YOUR GOAL: Skip the pictures. Transcribe exactly the lines from the line containing "whale watching safari" to the end of the listing.

INFORMATION SUPPLIED:
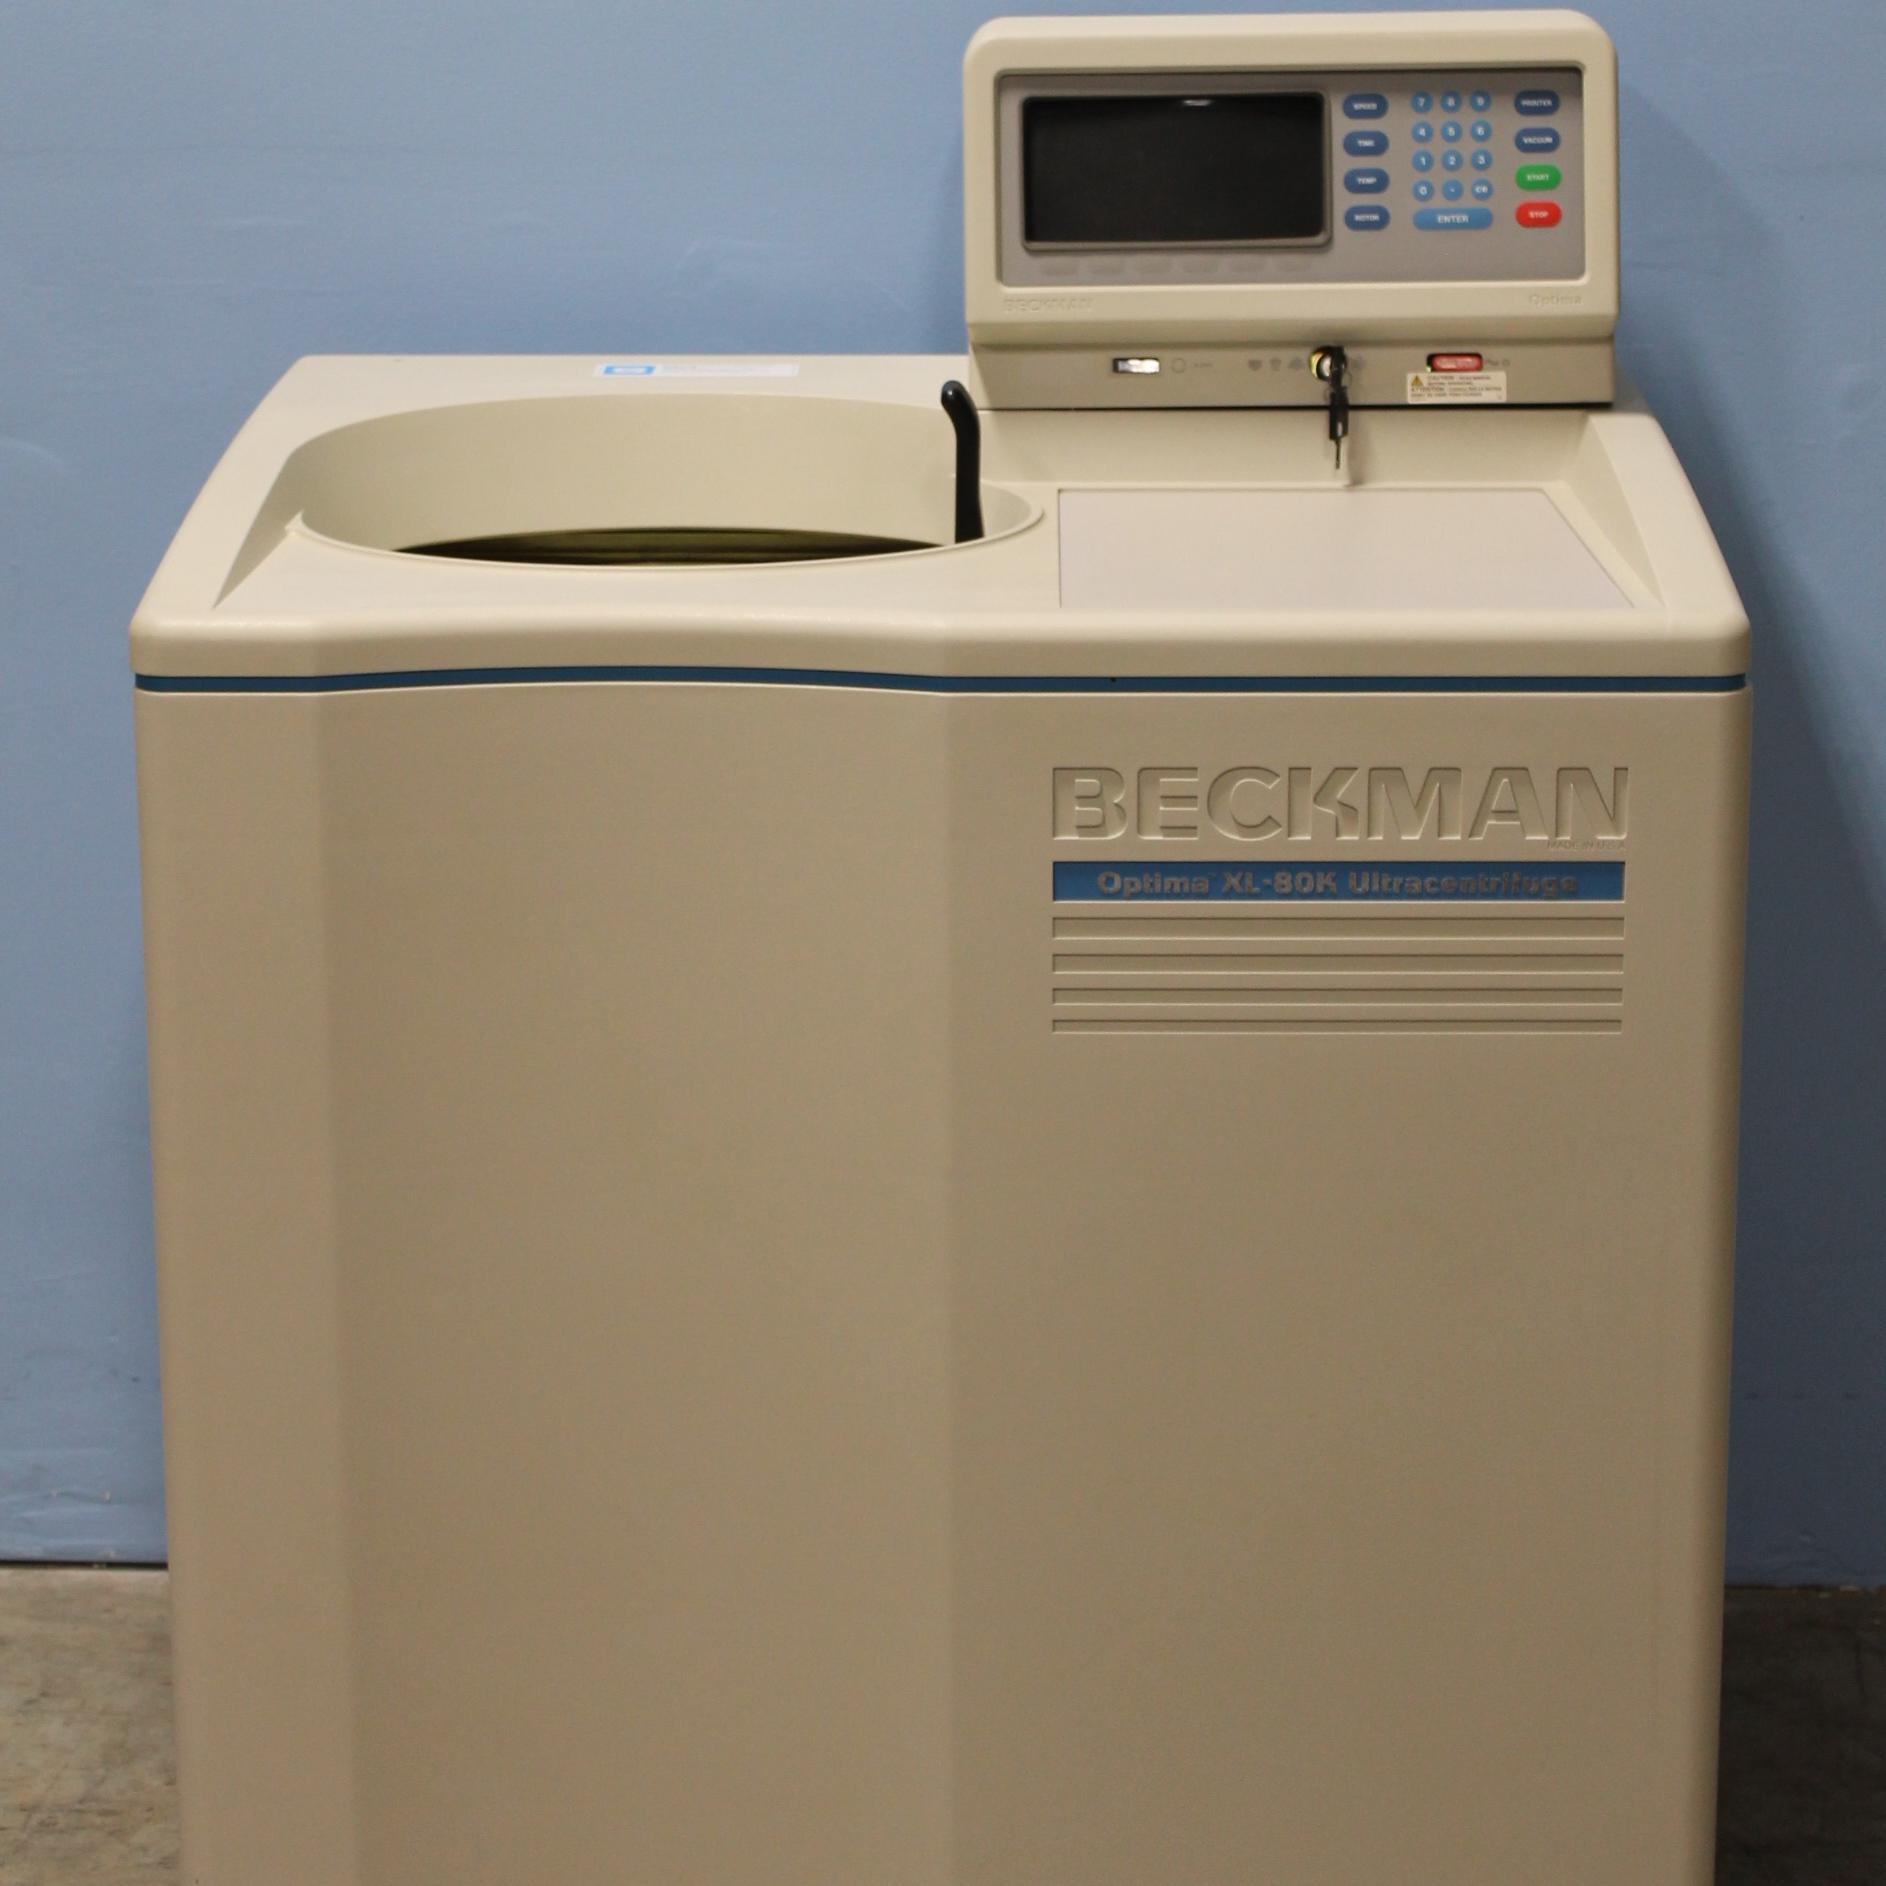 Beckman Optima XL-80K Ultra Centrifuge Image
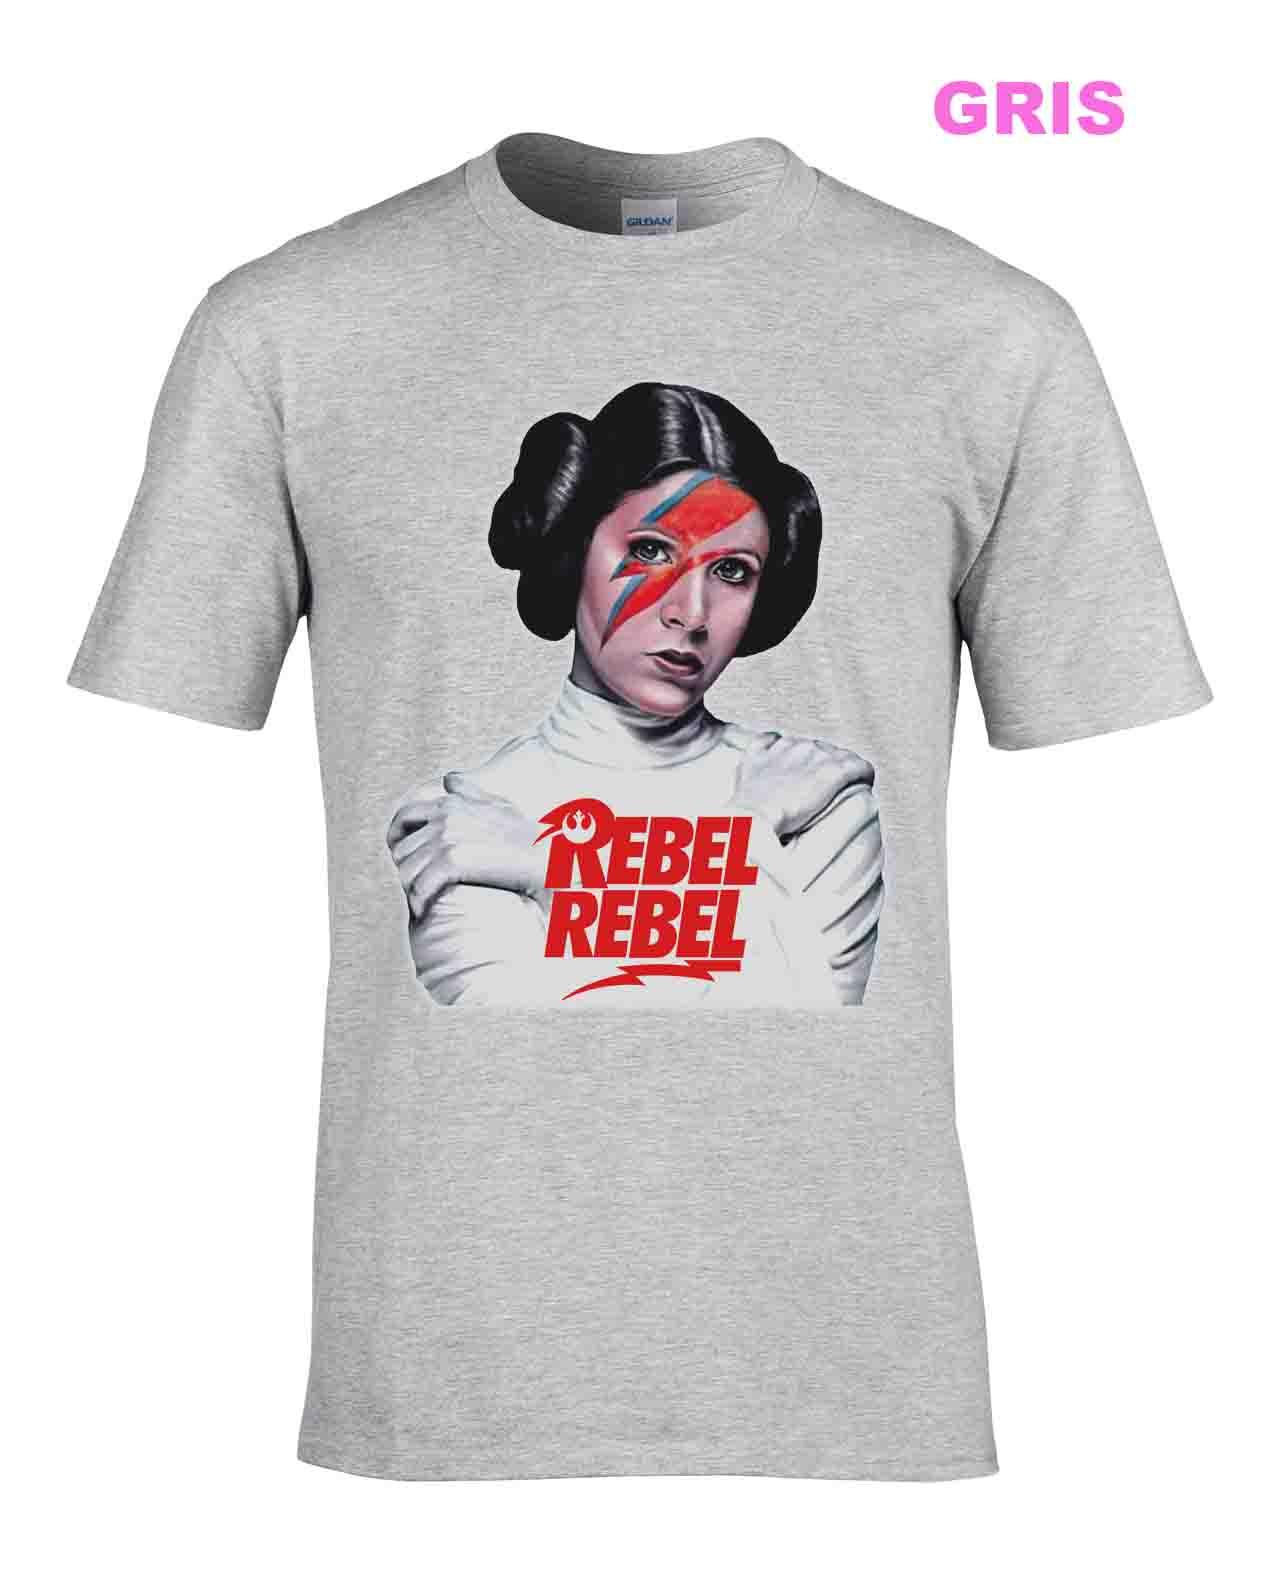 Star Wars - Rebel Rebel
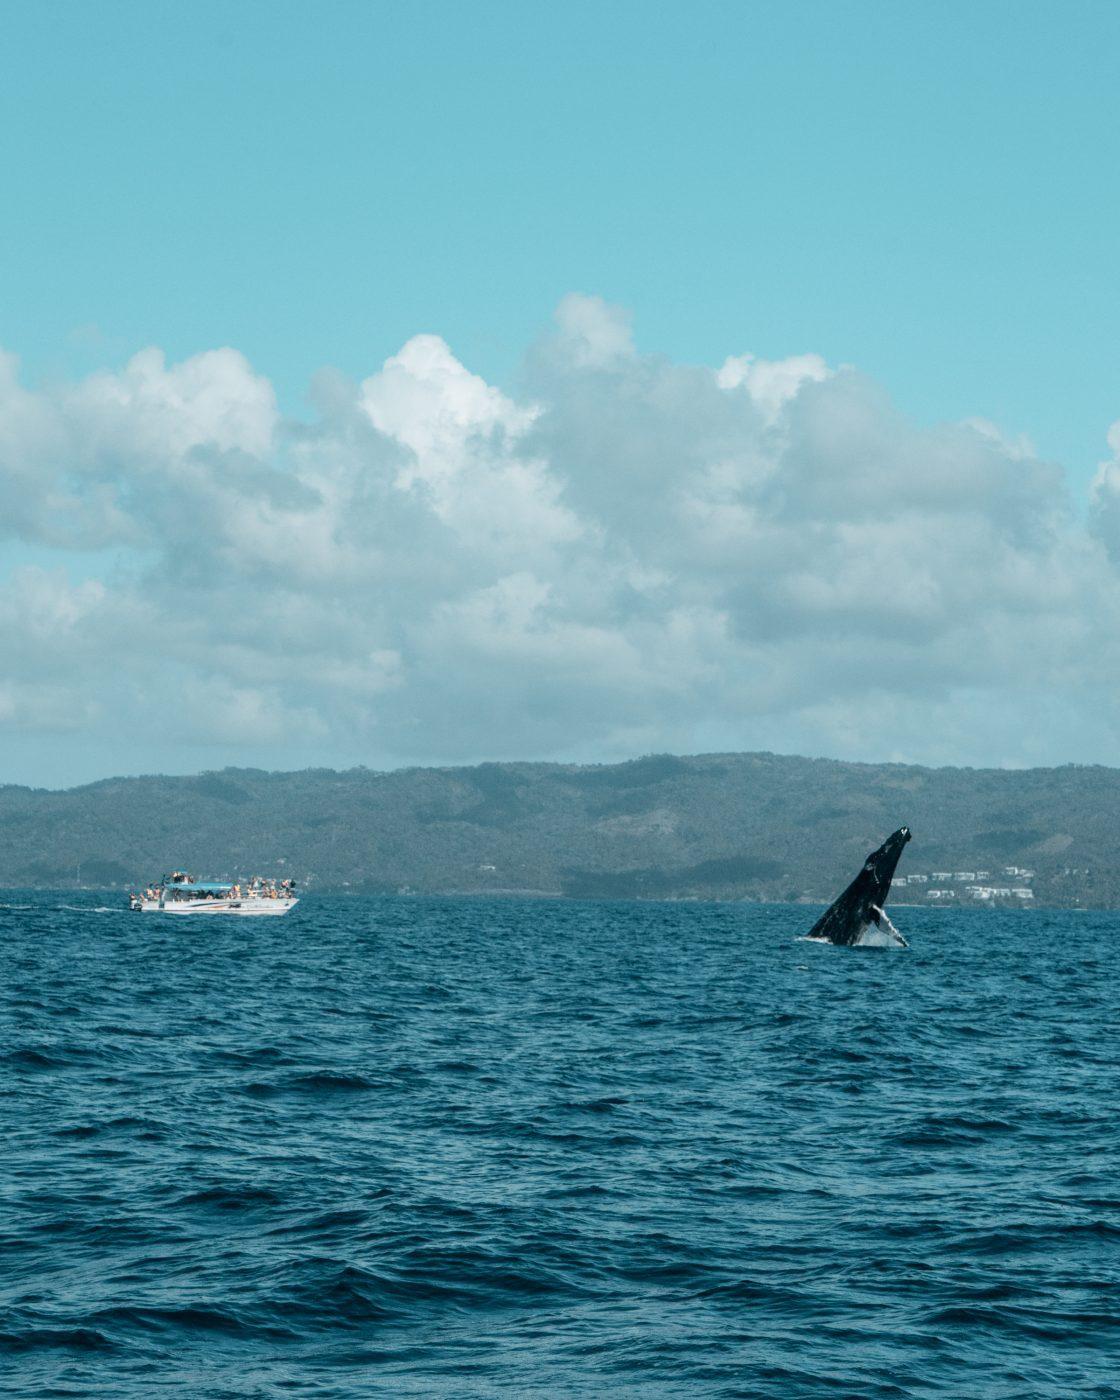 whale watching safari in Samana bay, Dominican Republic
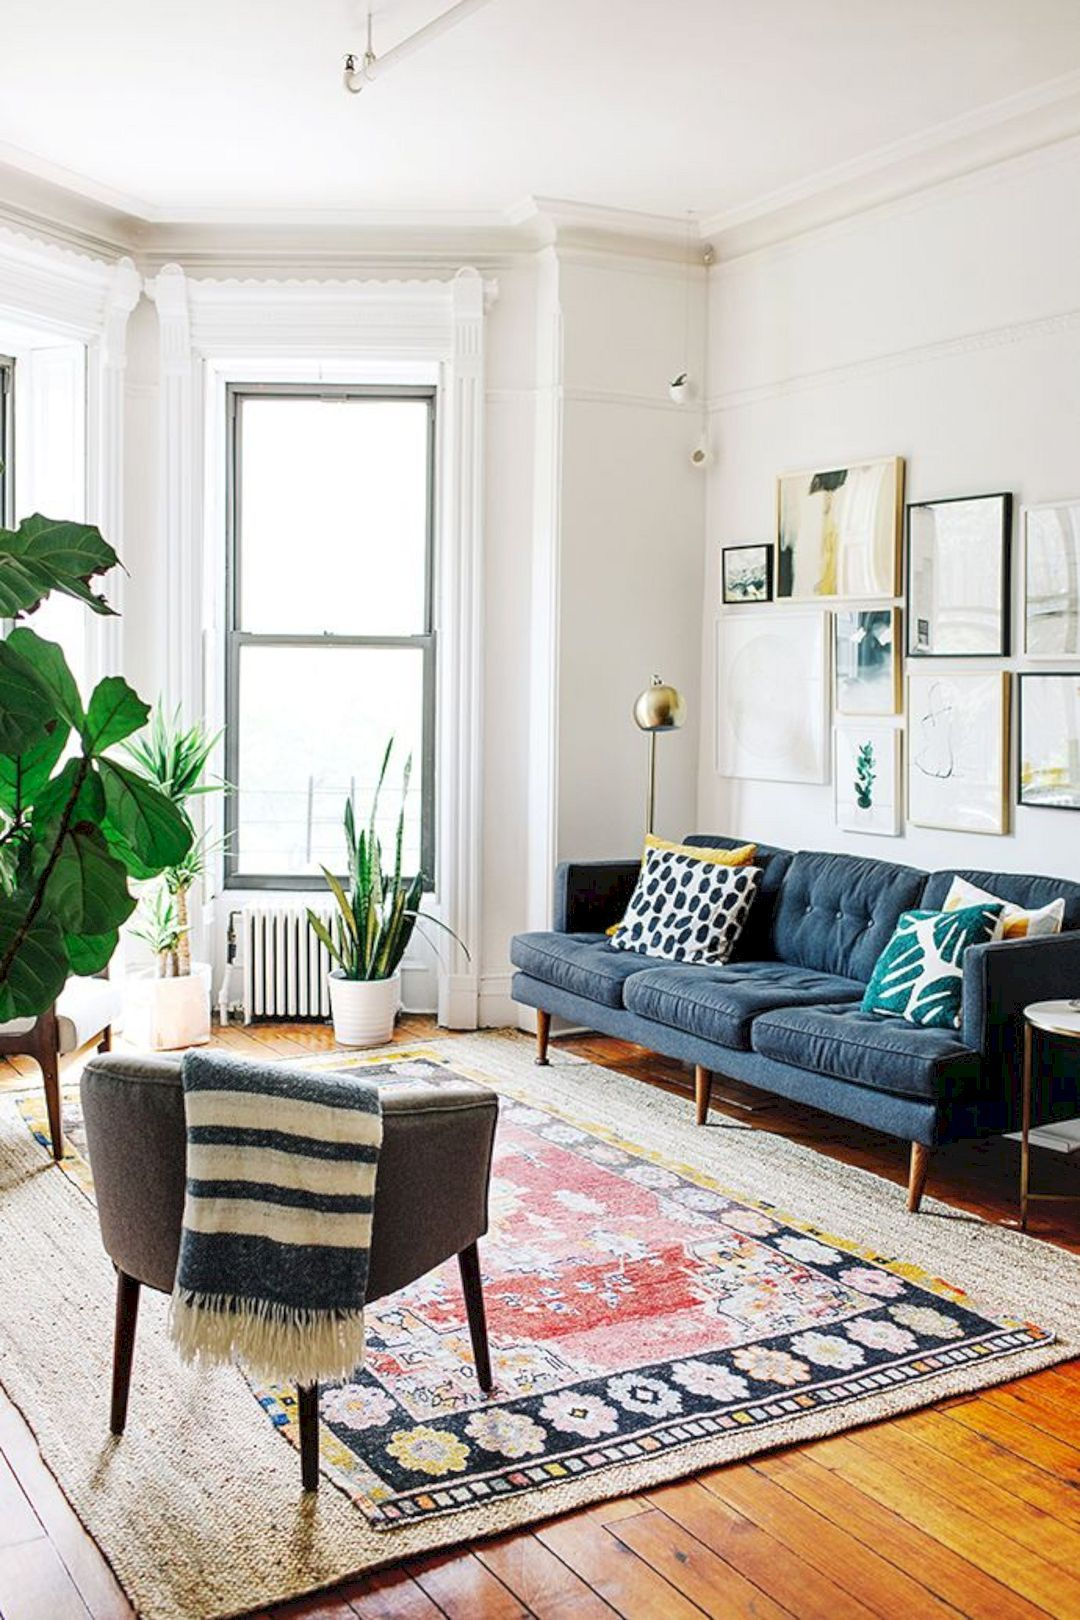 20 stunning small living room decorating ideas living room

COMPLETED EXERCISE:
 whale watching safari in Samana bay, Dominican Republic
 20 stunning small living room decorating ideas living room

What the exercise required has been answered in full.